No videojornalismo, os videorrepórteres também ficam mais próximos e íntimos dos entrevistados sem ser, necessariamente, observacional, mas apostando também na maior interatividade com o meio, possibilitando à incorporação do jornalista à cena do acontecimento. O cinema-direto movimenta-se no sentido de romper com a tradição professoral e militante do documentário (Bezerra, 2008, p. 77), enquanto que a videorreportagem, como vimos, movimenta-se na década de 80, para negar a formalidade e o tom imperativo do telejornalismo. O cinema direto, de acordo com o autor, é também associado ao jornalismo. “O movimento americano estabeleceu padrões estéticos e apontou soluções narrativas para o telejornalismo então em formação” (Bezerra, 2008, p. 77). Por outro lado, o cinema verdade, que à primeira vista parece se distanciar do jornalismo, de compromisso com os fatos e com a objetividade, “alimenta curiosas semelhanças com o jornalismo investigativo que então se afirmava, e com o jornalismo mágico’ do jovem Gabriel Garcia Marquez (Bezerra, 2008, p. 103).

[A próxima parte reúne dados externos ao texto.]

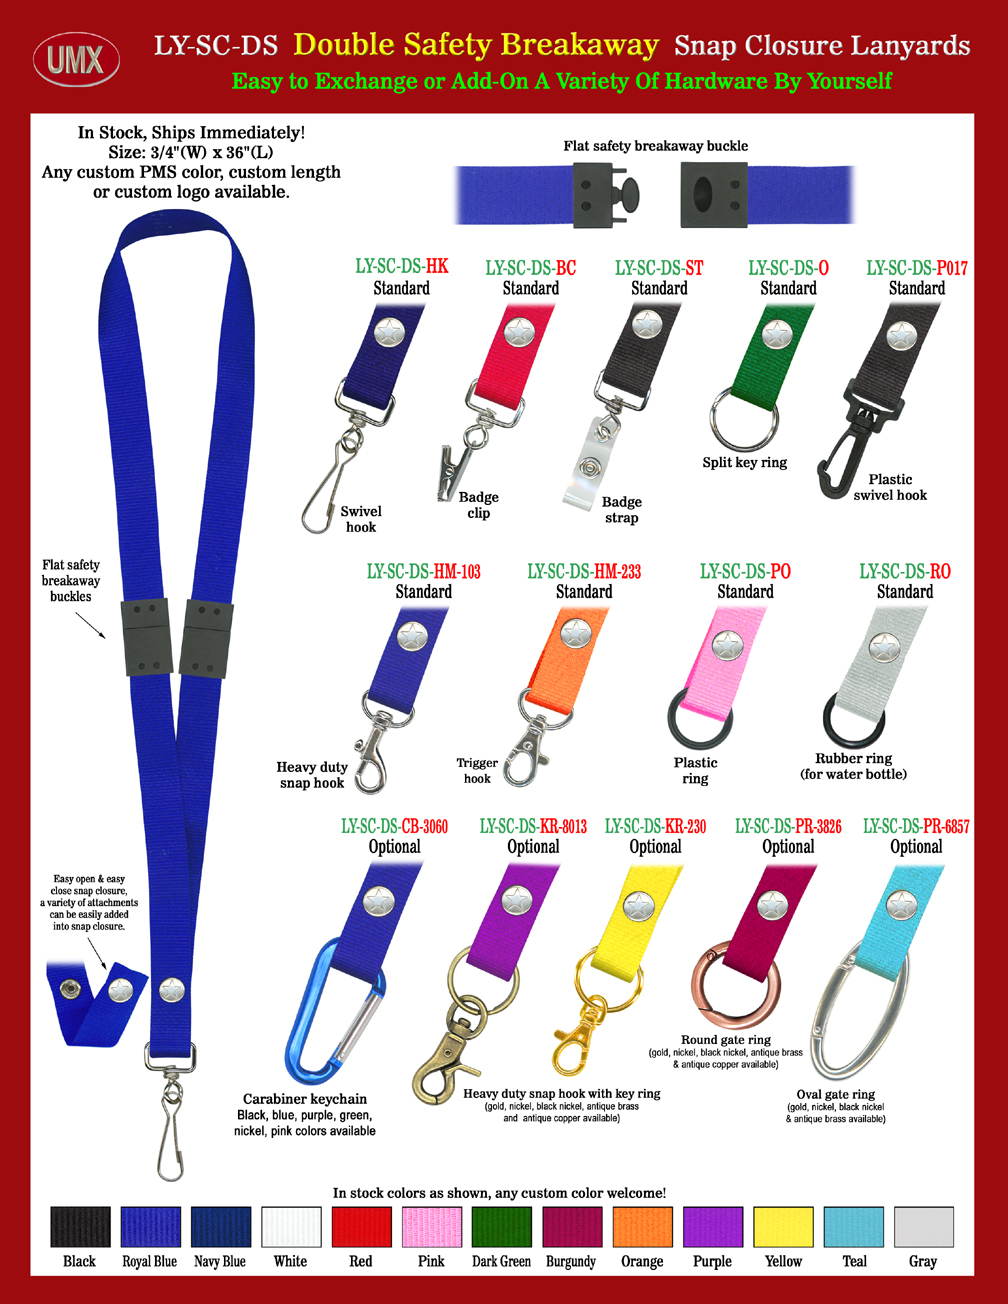 Dual Safety Snap-On Neck Lanyards With Two Safety Breakaway Protection - 3/4" Two Safety Breakaway Lanyards With Double Protection.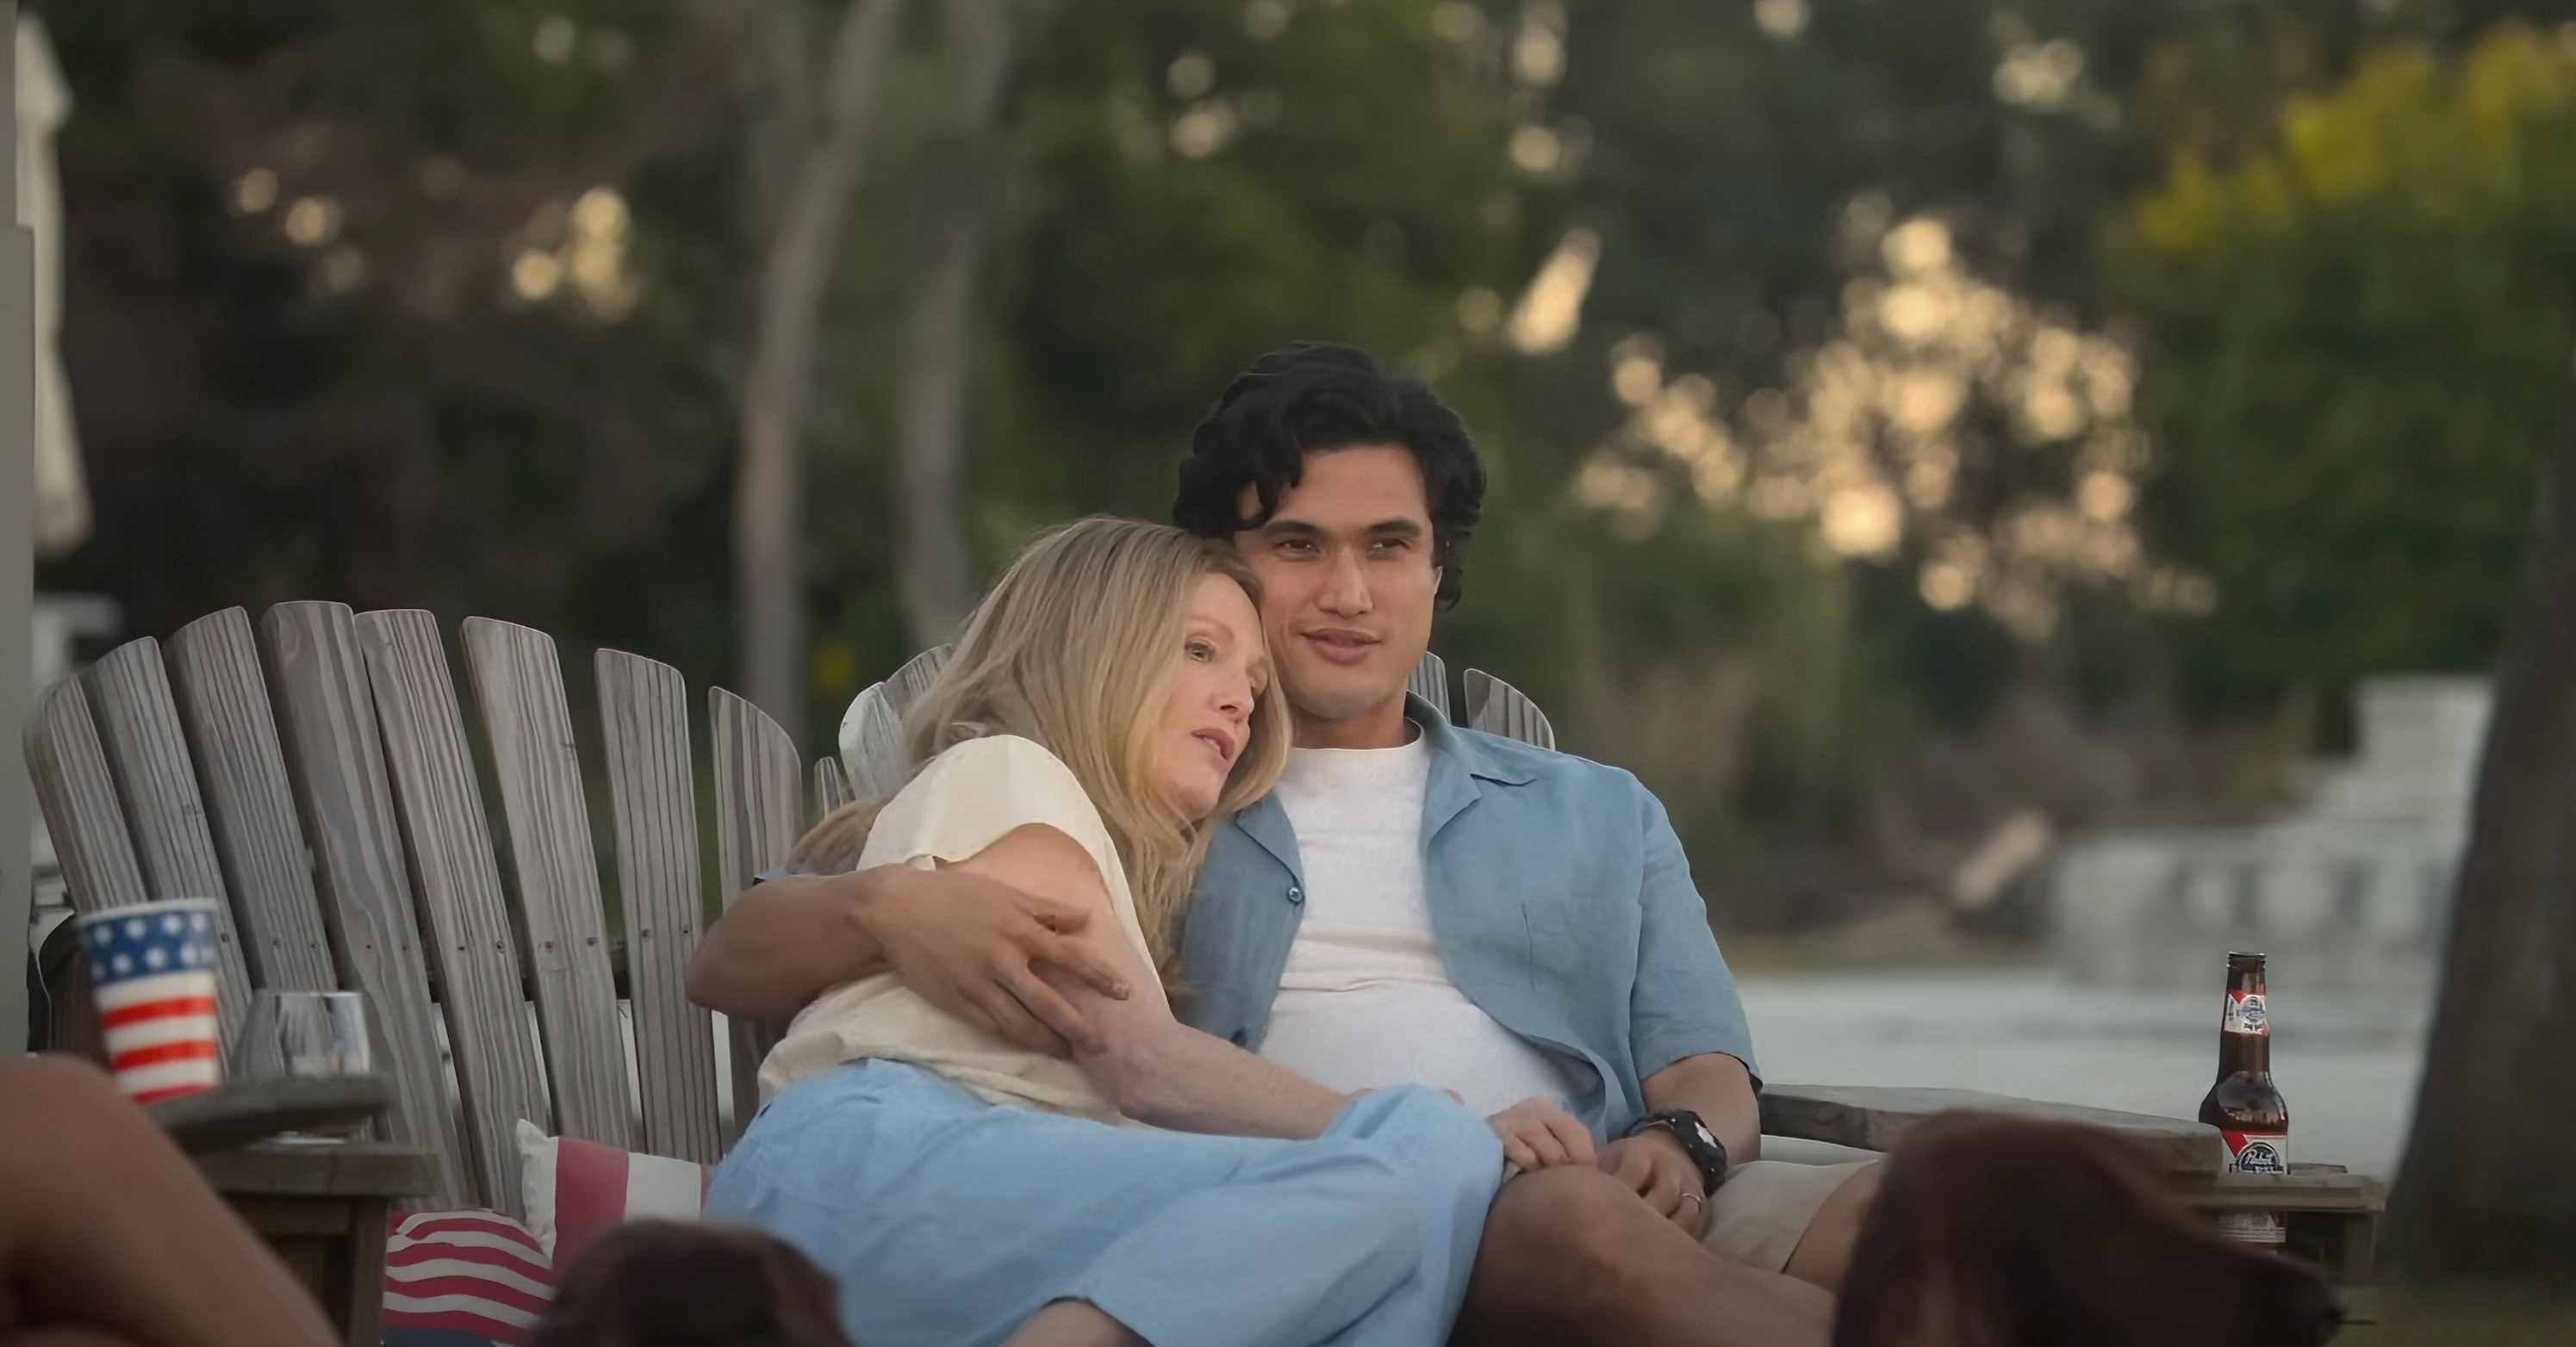 Julianne and Charles cuddling on garden chairs in a scene from from &quot;May December&quot;

Na aproximação do jornalismo impresso com a literatura, o novo jornalismo surge na década de 1960, nos Estados Unidos, motivados pela insatisfação de muitos profissionais com as regras de objetividade do texto jornalístico, “o aborrecido tom bege pálido” da imprensa. O novo jornalismo, que tem Tom Wolfe, Gay Talese, Norman Mailer e Truman Capote como representantes, convoca a imersão do repórter na história e na vida das pessoas, a precisão de dados e a observação, e permite que a história venha à tona por meio de uma voz autoral (Bezerra, 2008, p. 89). Com Hunter S. Thompson, o new journalism experimentou sua versão mais radical, o jornalismo gonzo. De acordo com Felipe Pena (2006), Hunter defendia que era preciso provocar o entrevistado para que a reportagem rendesse. Ele recomendava que o jornalista

respirasse fundo, e em seguida xingasse o interlocutor. Não importava a ofensa, e sim a reação (p.56).

Thomaz (2007a) fomenta a aproximação da videorreportagem com o novo jornalismo. Para a autora,

o grande envolvimento na observação do real e a participação intensa em todas as etapas da produção, fazendo do videorrepórter um autor-exclusivo, permitem ao profissional intervir de diferentes formas na narrativa. Ele pode manter uma certa “neutralidade” ou vivenciar as realidades de seus personagens, imprimindo claramente suas percepções e juízos, como faziam os repórteres do Novo Jornalismo que lançavam-se a campo aberto para melhor sentir a realidade que iriam retratar (p. 119).

Adotando a tipologia do narrador de Norman Friedman, Thomaz sugere que o videorrepórter está enquadrado em diferentes categorias do foco narrativo, sendo elas: 1) “narrador onisciente intruso”, aquele que tem a liberdade de narrar adotando um ponto de vista pessoal; “narrador onisciente neutro” que fala em terceira pessoa, permitindo uma impressão de objetividade e de neutralidade; “narrador-testemunha”, o que narra em primeira pessoa e participa da ação; e o narrador-protagonista, quando ele é o personagem central e limita sua expressão às percepções, pensamentos e sentimentos.

Na relação com o telejornalismo, a videojornalismo aparece então como uma opção alternativa, através da qual é possível experimentar diferentes modos de composição, diferentes formas de construção de videorreportagens. Sendo assim, não podemos falar de uma essência da videorreportagem, mas de variações. Considerando historicamente sua formação articulada a um contexto mais amplo do jornalismo e do documentário, e que, nesta terceira fase, a videorreportagem se descola dos telejornais para dar forma a programas específicos, suspeitamos que a videorreportagem seja um novo subgênero televisivo em formação.

Consideremos, por exemplo, a discussão sobre autoria na videorreportagem. Representa um problema para o jornalismo, uma disputa na construção de valores como objetividade e imparcialidade. Desde a sua formação, o videojornalismo incorpora a autoria como premissa. Mas nos anos 80, o sentido de autoria na videorreportagem fora marcado pela possibilidade de criação solitária, quando a videorreportagem, ainda que retoricamente, se apresentava como uma produção executada por um só jornalista. Com a criação de programas de videorreportagem, entendemos que o sentido de autoria é

atualizado, dadas as próprias condições de produção, que não mais utiliza o trabalho solitário, mas assume a composição de uma equipe.